The first Fallout was a small affair, with a small team, a small budget, decent sales, and great reviews. The second is an entirely different beast, overblown with bizarre factions, complex side quests, mountains of cut content, and entire multi-hour story arcs resigned to optional areas the endings of which can be determined entirely by whether or not you have a condom in your inventory.
Rather than being the tale of a lone sheltered hero getting chewed up and spit back out by the wasteland that the franchise has become known for, Fallout 2‘s narrative is an epic of “the chosen one” taking down psychopathically jingoistic remnants of the United States government. It’s a ludicrous tale, fully pushing past its predecessor’s political coda on man’s destructive urges into a rampaging parody of the American government, cinema, video games, and even Fallout itself. It’s a game that simultaneously deconstructs and reconstructs all the tropes of the overloaded and obtuse CRPGs of the late 90s whilst also executing that same formula so well that it stands out as one of the best of its generation.
But Fallout 2 is not the Fallout I think most are familiar with. Its combat is slow and, in all honesty, lacking in real tactics. Its quest design is obtuse to the point I highly recommend scouring old forums for one of the many bible-sized game guides.

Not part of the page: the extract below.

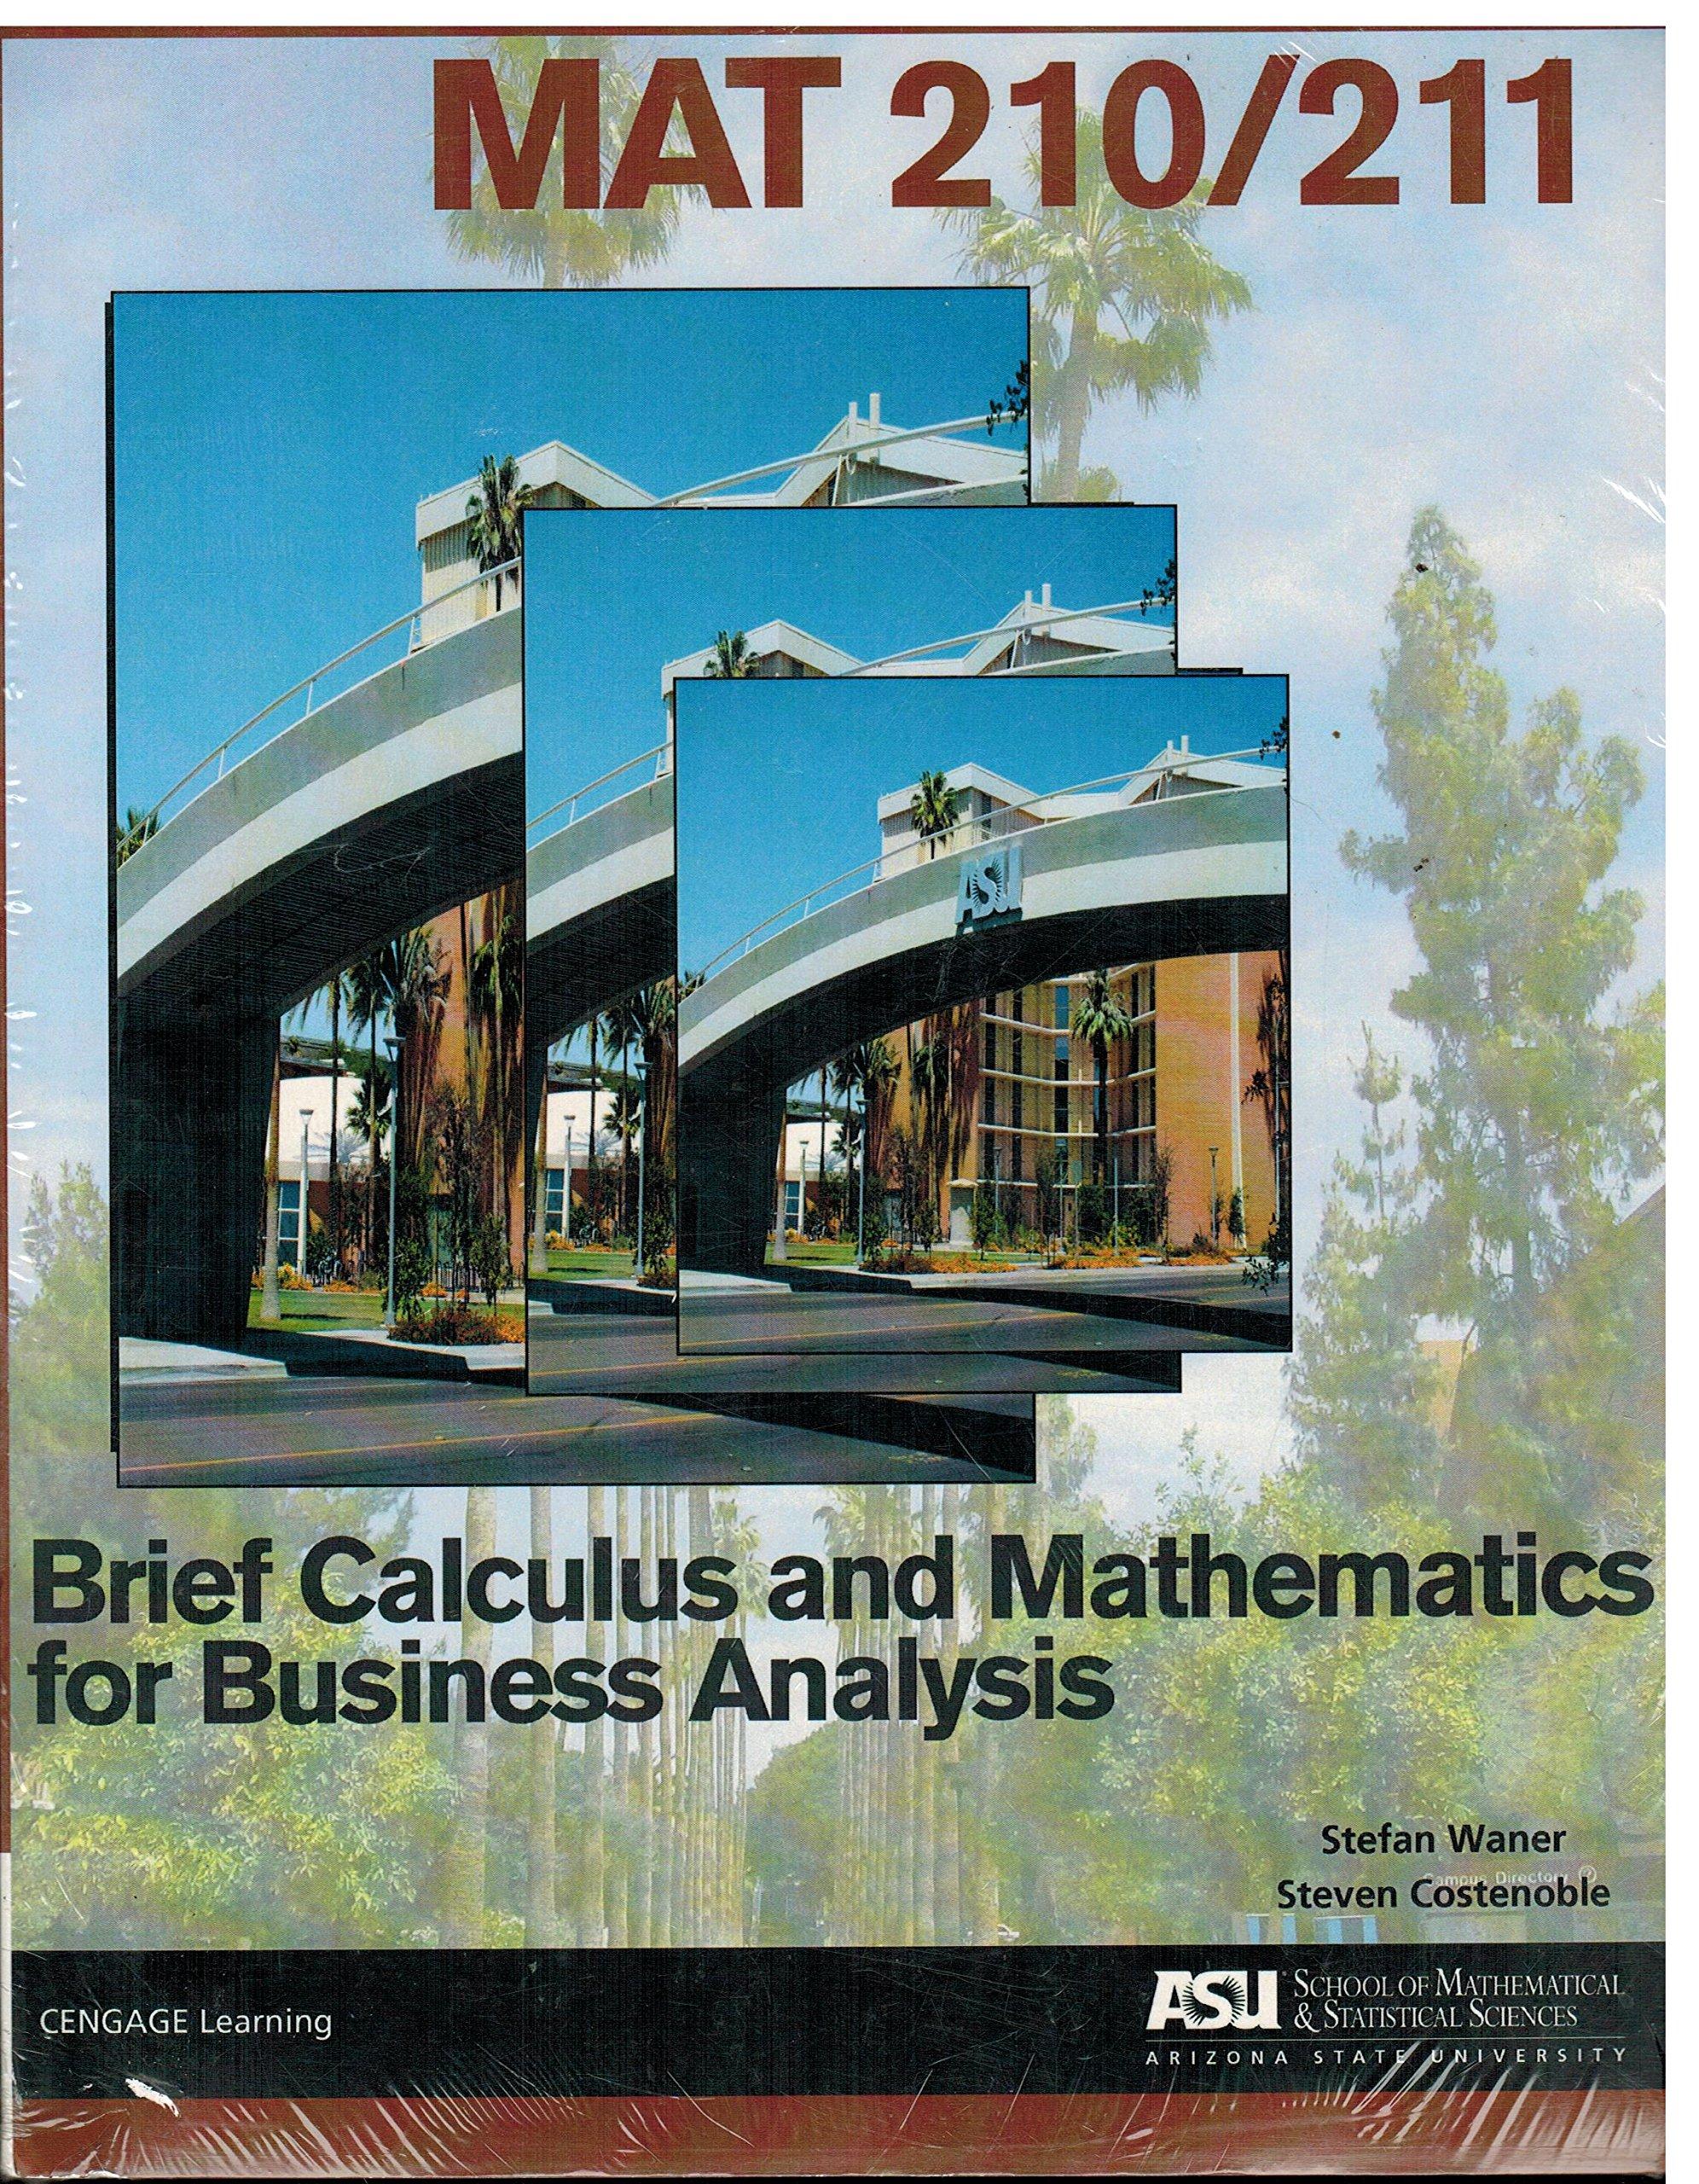 ASU MAT 210/211 6th Edition Bundle Brief Calculus and Mathematics for Business Analysis pdf

It’s a great contrast to what Fallout has become.
That’s, of course, the pressing question. How do we go from the pseudointellectual top-down epics to first-person multiplayer survival games like Fallout 76? Many blame Bethesda entirely, if you ever go on old-school forums like No Mutants Allowed, they’ll declare Fallout 3 an abomination and share details on the legendary Fallout Van Buren, the original Fallout 3 that black isle studios were developing before they were shut down. But I don’t hate Bethesda, it was through Fallout 3 and Fallout New Vegas that I was introduced to the franchise. I still have fond memories of getting up early before my parents awoke and booting up my dad’s PS3 to snipe mutants and raiders whilst listening to 50s hits like ‘It’s All Over but the Crying’ via the in-game radio.
I’m even of the opinion that the Bethesda generation produced the franchise’s best work, Fallout New Vegas. A perfect RPG that truly delivers on what Fallout offers to explore. Not the end of the world but the way we use the signifiers and symbols of the world we lost to try and make sense of the new world we find ourselves in. This is in no small part thanks to it being developed by Obsidian Interactive, a studio made up of many of the original writers for the first two Fallout games.
Yet beyond New Vegas, I find contemporary Fallout hard to love. For as much as I enjoy the gorgeously rendered worlds and streamlined gameplay the subtlety is gone. Vault suits are tacked on everywhere. The same Factions’ characters and plot lines reappear across every state of post-nuclear America. It feels less like each game is a further exploration of the post-apocalyptic world and more like taking an existing location and smothering it in a Fallout coat of paint.
That’s not to say the spirit of those old games is gone. While Fallout as a franchise feels dead in the water, its legacy lives on in a new generation of burgeoning CRPGs and adventure games. Games like Citizen Sleeper, Disco Elysium, and Norco with their focus on political and philosophical themes, complex worlds, and dense prosaic writing feel like torchbearers for the first two Fallout’s. Taking their wit, inventiveness and so much more and pushing them forward into the post-internet era.